MAXBARRIER x: use in the post-processing analyses to set a criterion for excluding transition states if the barriers from both connected minima exceed x. The threshold x is reset to infinity on converting potential energies to free energies during a run.
MAXDOWNBARRIER x: specifies a maximum downhill barrier of x for DIJKSTRA analysis. The downhill barriers for the path with the largest contribution to the non-recrossing steady-state rate constant are sorted and those that exceed x are analysed further. The transition state in question is removed and the DIJKSTRA analysis performed again if a connected path is still possible. If a connected path is no longer possible the transition state in question is reinstated. A list of `shiftable' transition states is provided at the end. Note that the order in which transition states are removed could affect this list, so that other combinations of `shiftable' transition states may be possible. The downhill direction can only be defined locally once the complete DIJKSTRA path is known, since `downhill' is determined by the energies of the two endpoints.
MAXTSENERGY x: specifies that transition states above energy should not be included in the database. Probably most useful with CHARMM, where genuine transition states with silly energies can certainly occur and give rise to underflow. This keyword performs the same function as TSTHRESH, and is provided because OPTIM uses MAXTSENERGY.
MERGEDB dir: merge the min.data, min.ts, points.min, points.ts, min.A and min.B files from directory dir with those in the current directory. Common stationary points are identified and not repeated.
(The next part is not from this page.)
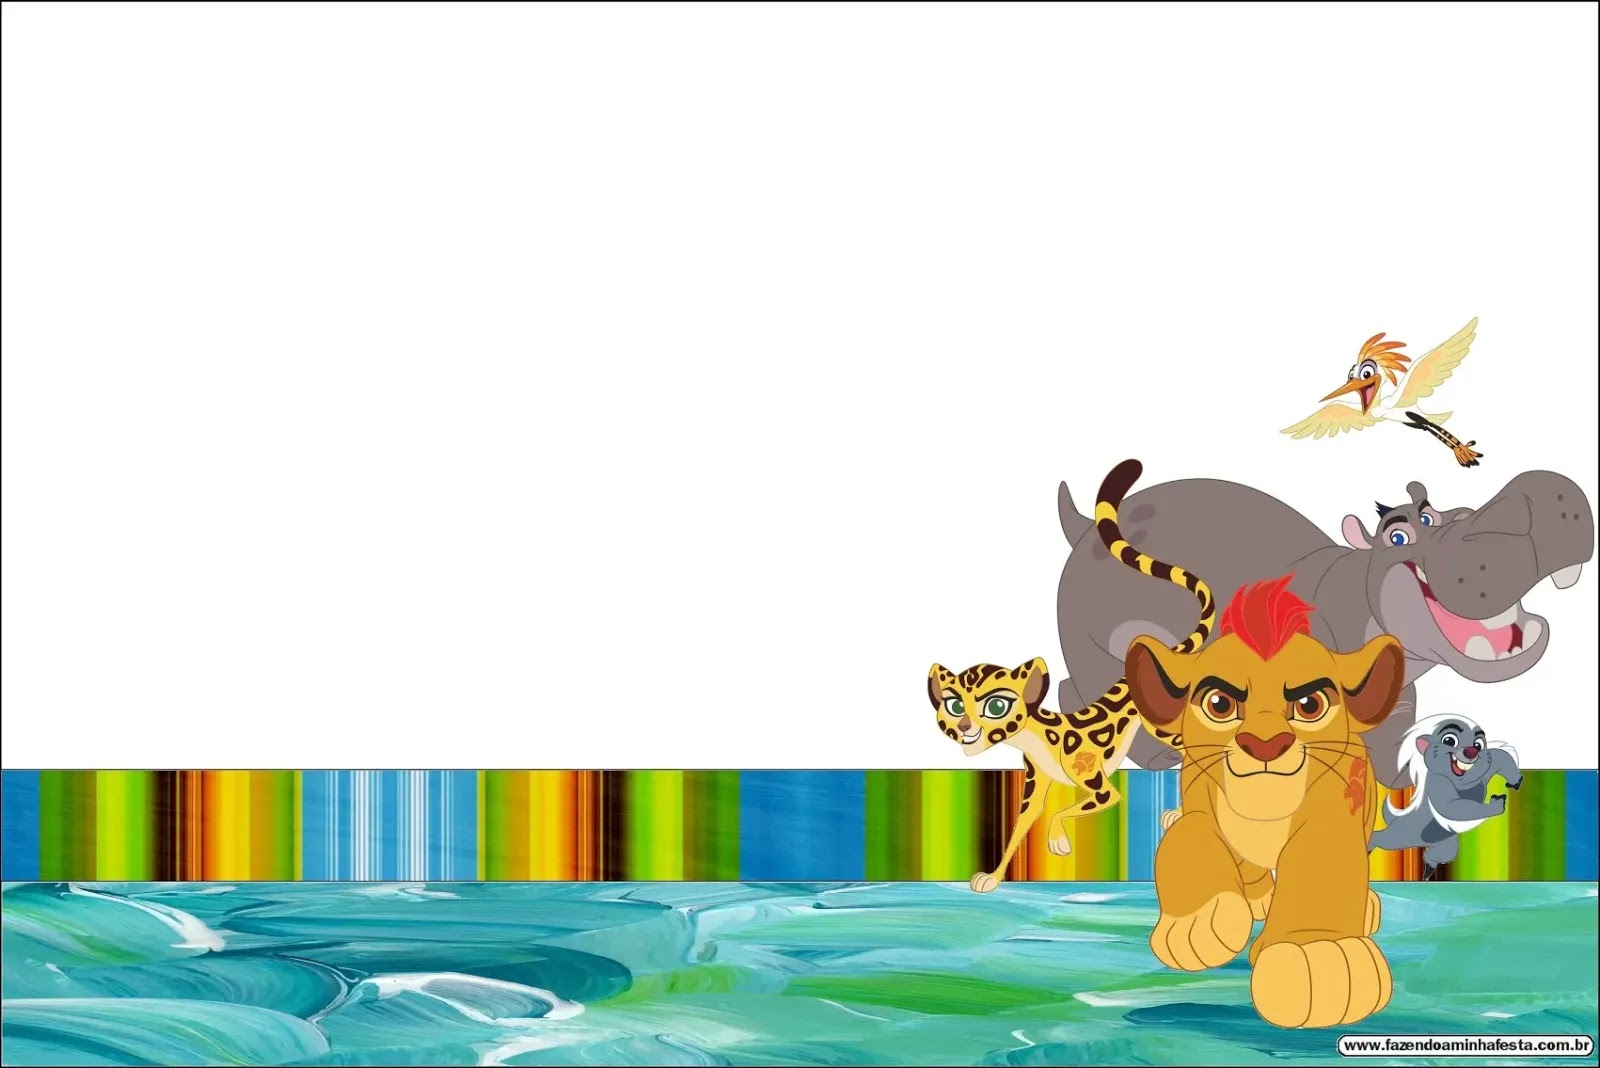 free-printable-lion-king-birthday-party-kits-template-free-printable
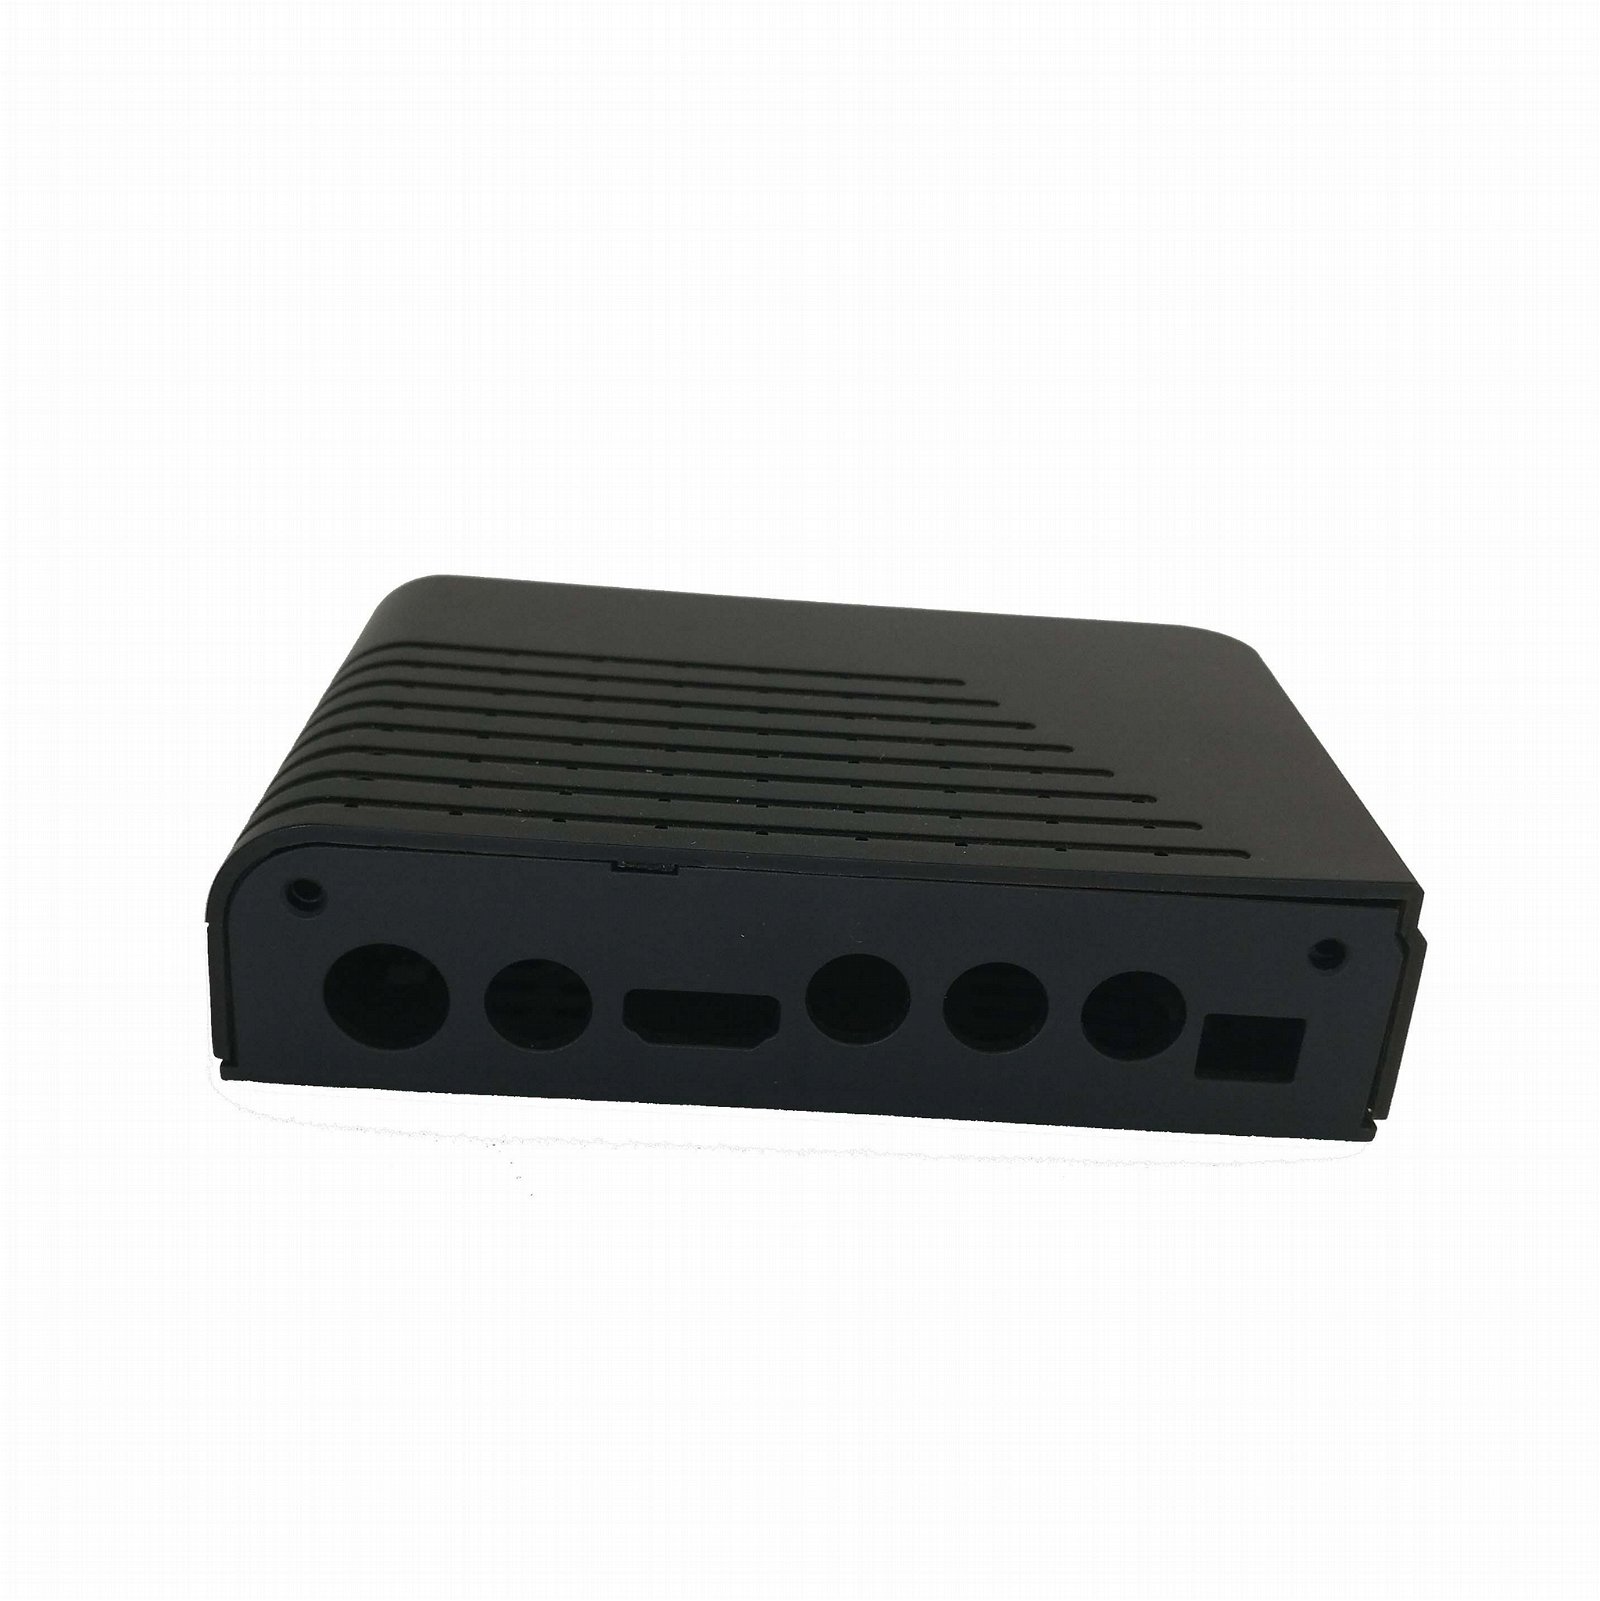 DVB-T2 +Cable tv box Combo tv boxmini size factory support cheap price 5

Merged results are created corresponding to all six of the above files.
MINBARRIER x: use in the post-processing analyses to set a criterion for excluding a transition state if the barrier in either direction is lower than x. Designed to allow exclusion of TSs present in the database that lie lower in potential energy than the connected minima, by setting x to zero. The default value is (basically) minus infinity. Note that a transition state may legitimately lie lower than the connected minima in free energy.
NATOMS n: the number of atoms in the system; must be present.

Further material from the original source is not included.